§ TO DO
Output only the lines below from the one containing "DuBois+Casa+Magazine+San+Antonio+Residence.jpg" to the one containing "armyfb_1968_vsnavy-charleyjarvis_eveningnews_dec21968", exactly as written, both ends kept.

§ SUPPLIED DATA
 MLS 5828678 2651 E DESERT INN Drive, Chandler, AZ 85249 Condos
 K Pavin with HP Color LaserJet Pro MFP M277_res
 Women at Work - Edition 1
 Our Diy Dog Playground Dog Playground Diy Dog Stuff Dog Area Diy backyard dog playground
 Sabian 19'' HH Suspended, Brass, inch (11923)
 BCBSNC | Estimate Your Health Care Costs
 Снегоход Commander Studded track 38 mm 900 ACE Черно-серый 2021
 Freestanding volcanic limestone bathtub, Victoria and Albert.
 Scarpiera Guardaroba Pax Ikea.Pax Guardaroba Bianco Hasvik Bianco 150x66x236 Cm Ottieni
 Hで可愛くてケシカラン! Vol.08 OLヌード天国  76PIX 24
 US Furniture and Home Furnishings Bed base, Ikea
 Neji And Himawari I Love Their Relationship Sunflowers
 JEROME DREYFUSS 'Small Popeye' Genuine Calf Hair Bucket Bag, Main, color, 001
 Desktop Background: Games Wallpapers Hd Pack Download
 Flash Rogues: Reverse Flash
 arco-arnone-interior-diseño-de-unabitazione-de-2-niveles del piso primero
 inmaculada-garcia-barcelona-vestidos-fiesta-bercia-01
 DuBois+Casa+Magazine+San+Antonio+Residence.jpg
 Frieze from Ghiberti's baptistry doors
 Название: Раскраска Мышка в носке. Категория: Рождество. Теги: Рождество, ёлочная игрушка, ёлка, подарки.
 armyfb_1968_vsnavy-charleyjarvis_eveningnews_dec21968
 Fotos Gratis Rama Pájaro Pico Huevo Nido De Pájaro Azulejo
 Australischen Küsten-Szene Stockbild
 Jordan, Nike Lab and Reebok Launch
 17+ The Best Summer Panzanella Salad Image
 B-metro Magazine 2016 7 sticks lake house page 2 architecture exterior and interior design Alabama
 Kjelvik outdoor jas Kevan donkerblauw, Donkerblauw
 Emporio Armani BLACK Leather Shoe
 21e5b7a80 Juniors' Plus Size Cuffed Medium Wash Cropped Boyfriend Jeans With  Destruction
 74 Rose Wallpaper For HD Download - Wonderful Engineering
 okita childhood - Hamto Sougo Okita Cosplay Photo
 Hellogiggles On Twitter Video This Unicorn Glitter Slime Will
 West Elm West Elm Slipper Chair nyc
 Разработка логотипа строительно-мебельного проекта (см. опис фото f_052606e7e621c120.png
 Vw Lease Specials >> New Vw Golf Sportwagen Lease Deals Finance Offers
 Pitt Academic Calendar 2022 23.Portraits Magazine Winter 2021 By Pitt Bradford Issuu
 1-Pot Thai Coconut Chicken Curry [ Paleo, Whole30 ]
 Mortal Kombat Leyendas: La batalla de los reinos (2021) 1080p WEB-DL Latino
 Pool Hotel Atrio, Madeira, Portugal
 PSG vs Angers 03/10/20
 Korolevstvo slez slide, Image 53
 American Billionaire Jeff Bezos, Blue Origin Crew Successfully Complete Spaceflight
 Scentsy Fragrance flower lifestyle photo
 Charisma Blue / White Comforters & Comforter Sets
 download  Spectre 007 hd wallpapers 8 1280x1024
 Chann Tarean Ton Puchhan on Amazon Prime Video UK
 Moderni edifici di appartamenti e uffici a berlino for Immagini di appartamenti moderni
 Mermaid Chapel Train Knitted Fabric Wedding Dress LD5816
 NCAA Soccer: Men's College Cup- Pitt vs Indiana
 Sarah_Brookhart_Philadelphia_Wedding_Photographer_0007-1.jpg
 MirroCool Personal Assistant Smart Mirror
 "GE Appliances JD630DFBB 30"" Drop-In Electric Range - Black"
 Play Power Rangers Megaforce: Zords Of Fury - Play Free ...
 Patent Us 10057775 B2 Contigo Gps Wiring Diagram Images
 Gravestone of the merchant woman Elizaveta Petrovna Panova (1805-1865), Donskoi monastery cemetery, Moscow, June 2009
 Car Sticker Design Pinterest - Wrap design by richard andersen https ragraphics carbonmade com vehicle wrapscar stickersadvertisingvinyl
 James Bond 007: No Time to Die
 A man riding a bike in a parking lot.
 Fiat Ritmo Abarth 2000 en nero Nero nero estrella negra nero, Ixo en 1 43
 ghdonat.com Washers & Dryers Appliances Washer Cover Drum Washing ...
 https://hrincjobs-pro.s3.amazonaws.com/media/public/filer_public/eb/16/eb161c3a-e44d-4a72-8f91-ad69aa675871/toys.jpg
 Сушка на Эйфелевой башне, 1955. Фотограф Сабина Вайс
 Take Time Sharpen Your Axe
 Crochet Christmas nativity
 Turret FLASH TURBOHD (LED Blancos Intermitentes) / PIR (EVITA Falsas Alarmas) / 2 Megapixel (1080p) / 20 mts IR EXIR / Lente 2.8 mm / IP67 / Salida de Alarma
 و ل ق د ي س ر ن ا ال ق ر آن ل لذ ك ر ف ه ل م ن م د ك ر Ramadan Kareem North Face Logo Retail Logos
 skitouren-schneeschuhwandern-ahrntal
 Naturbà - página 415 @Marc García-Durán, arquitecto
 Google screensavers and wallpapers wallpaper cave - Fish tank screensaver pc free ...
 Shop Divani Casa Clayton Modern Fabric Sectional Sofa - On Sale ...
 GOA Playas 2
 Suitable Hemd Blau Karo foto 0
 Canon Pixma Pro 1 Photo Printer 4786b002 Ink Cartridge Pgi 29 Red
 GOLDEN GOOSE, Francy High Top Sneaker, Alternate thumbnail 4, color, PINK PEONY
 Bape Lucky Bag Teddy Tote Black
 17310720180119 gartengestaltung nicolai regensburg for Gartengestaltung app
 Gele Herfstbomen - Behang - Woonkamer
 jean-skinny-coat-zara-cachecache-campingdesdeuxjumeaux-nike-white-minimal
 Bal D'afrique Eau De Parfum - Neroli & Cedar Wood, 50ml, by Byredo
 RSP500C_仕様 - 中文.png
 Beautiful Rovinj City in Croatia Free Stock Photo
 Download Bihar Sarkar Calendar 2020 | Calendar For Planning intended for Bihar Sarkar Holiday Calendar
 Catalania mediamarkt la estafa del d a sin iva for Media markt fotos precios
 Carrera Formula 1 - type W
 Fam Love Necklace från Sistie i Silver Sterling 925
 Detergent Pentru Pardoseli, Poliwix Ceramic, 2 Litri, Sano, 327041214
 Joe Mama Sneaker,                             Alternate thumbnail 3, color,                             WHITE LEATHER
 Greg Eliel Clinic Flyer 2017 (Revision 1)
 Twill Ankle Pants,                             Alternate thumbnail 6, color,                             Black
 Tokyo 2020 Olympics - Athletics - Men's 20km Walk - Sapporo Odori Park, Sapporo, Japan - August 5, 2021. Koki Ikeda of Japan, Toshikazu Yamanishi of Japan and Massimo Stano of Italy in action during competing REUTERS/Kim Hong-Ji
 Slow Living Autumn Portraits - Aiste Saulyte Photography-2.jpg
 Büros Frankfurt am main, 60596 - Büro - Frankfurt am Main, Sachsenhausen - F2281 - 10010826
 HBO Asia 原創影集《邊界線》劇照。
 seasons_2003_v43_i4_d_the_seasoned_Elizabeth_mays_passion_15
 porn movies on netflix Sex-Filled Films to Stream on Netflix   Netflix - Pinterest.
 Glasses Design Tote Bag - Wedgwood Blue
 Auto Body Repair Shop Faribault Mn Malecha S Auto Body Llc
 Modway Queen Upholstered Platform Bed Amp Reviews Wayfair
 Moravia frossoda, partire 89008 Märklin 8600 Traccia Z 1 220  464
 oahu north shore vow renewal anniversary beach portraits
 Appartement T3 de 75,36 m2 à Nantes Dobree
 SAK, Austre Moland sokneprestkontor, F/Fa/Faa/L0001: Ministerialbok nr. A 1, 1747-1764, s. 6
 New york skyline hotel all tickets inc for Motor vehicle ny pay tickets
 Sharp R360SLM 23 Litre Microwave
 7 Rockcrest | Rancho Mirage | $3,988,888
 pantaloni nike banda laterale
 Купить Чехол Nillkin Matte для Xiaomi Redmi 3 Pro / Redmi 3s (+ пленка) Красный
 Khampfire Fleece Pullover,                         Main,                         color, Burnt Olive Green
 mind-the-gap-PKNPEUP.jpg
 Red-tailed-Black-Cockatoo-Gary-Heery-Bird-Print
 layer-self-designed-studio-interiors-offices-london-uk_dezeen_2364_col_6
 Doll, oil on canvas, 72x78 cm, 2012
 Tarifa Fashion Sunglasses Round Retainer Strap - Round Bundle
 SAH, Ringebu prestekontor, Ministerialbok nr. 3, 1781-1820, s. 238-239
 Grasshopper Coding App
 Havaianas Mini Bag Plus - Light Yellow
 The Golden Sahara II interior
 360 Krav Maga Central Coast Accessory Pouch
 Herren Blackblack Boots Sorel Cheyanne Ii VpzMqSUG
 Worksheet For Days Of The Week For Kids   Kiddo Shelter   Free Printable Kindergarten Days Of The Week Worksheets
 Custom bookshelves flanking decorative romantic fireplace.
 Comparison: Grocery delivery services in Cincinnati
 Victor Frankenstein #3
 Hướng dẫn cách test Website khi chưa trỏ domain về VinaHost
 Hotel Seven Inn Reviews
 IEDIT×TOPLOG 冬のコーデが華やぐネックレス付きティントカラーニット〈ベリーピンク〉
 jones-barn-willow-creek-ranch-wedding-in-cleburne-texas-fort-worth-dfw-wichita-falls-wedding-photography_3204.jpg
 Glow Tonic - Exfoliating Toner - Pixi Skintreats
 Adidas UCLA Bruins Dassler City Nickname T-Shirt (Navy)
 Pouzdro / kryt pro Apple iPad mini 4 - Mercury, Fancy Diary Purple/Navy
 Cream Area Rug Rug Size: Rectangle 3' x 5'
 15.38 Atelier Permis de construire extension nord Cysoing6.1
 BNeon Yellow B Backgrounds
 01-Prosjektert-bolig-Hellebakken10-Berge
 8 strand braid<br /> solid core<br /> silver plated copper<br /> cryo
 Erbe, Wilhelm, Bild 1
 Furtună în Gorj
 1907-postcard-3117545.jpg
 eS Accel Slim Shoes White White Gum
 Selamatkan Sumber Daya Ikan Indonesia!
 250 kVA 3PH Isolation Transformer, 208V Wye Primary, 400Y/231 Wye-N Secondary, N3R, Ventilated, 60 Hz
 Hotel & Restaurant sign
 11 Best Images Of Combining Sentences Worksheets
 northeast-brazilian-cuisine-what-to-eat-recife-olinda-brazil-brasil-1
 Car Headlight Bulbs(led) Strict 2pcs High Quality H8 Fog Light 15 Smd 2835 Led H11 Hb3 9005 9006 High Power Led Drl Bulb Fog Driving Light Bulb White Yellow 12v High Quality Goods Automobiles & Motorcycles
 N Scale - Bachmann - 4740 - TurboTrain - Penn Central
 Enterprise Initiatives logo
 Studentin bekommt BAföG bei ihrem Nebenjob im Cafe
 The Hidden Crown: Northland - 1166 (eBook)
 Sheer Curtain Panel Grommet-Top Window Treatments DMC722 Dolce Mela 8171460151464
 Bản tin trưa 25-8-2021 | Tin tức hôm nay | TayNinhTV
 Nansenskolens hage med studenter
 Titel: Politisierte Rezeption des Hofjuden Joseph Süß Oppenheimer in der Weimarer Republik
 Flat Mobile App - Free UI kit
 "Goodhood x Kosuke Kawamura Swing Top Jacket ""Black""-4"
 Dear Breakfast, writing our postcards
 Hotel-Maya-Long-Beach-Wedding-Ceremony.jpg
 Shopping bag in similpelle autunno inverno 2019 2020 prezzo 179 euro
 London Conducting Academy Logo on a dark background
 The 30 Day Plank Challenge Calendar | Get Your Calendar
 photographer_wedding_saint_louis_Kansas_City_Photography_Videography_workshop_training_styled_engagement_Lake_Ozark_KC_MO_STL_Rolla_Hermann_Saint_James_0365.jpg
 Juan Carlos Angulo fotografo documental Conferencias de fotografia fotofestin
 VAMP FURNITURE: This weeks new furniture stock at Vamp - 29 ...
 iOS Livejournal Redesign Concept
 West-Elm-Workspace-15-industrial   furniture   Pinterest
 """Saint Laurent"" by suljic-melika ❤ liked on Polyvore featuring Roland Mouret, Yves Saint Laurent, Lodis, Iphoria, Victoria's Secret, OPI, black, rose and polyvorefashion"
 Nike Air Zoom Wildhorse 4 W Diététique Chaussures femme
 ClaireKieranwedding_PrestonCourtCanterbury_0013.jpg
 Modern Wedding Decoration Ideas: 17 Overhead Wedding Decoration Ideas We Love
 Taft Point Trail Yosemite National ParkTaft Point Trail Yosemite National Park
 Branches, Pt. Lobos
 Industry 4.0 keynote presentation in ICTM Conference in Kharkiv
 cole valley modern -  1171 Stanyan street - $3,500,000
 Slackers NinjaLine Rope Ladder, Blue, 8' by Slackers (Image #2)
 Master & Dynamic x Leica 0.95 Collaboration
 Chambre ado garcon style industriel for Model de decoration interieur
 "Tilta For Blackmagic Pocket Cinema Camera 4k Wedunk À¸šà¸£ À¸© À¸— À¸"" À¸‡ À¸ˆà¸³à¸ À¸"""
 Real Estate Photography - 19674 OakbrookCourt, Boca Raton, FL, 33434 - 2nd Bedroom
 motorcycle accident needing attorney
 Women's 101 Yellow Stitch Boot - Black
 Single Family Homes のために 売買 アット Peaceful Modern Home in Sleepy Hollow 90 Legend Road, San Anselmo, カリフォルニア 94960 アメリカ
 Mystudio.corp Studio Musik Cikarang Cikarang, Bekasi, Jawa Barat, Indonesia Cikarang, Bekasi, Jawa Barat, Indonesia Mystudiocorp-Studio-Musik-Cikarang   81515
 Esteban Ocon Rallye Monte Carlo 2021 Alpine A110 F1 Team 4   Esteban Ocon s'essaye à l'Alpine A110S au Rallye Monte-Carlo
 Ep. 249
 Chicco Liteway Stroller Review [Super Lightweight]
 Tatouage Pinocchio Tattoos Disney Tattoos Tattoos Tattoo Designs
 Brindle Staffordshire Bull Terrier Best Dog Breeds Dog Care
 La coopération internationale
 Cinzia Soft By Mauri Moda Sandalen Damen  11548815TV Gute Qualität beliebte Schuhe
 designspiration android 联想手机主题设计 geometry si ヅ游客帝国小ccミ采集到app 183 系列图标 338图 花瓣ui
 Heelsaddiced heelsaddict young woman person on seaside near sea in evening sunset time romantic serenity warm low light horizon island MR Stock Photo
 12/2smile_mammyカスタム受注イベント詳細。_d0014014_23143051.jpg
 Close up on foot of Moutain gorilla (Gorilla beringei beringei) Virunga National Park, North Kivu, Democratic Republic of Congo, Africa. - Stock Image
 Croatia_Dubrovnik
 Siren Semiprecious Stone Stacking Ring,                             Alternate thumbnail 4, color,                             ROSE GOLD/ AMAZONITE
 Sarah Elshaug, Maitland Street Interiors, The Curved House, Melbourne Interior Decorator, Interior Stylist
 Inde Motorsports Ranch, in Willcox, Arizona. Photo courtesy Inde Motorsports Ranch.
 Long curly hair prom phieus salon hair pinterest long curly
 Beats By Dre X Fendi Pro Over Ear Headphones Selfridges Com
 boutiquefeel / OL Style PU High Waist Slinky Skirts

§ TASK SOLUTION
 DuBois+Casa+Magazine+San+Antonio+Residence.jpg
 Frieze from Ghiberti's baptistry doors
 Название: Раскраска Мышка в носке. Категория: Рождество. Теги: Рождество, ёлочная игрушка, ёлка, подарки.
 armyfb_1968_vsnavy-charleyjarvis_eveningnews_dec21968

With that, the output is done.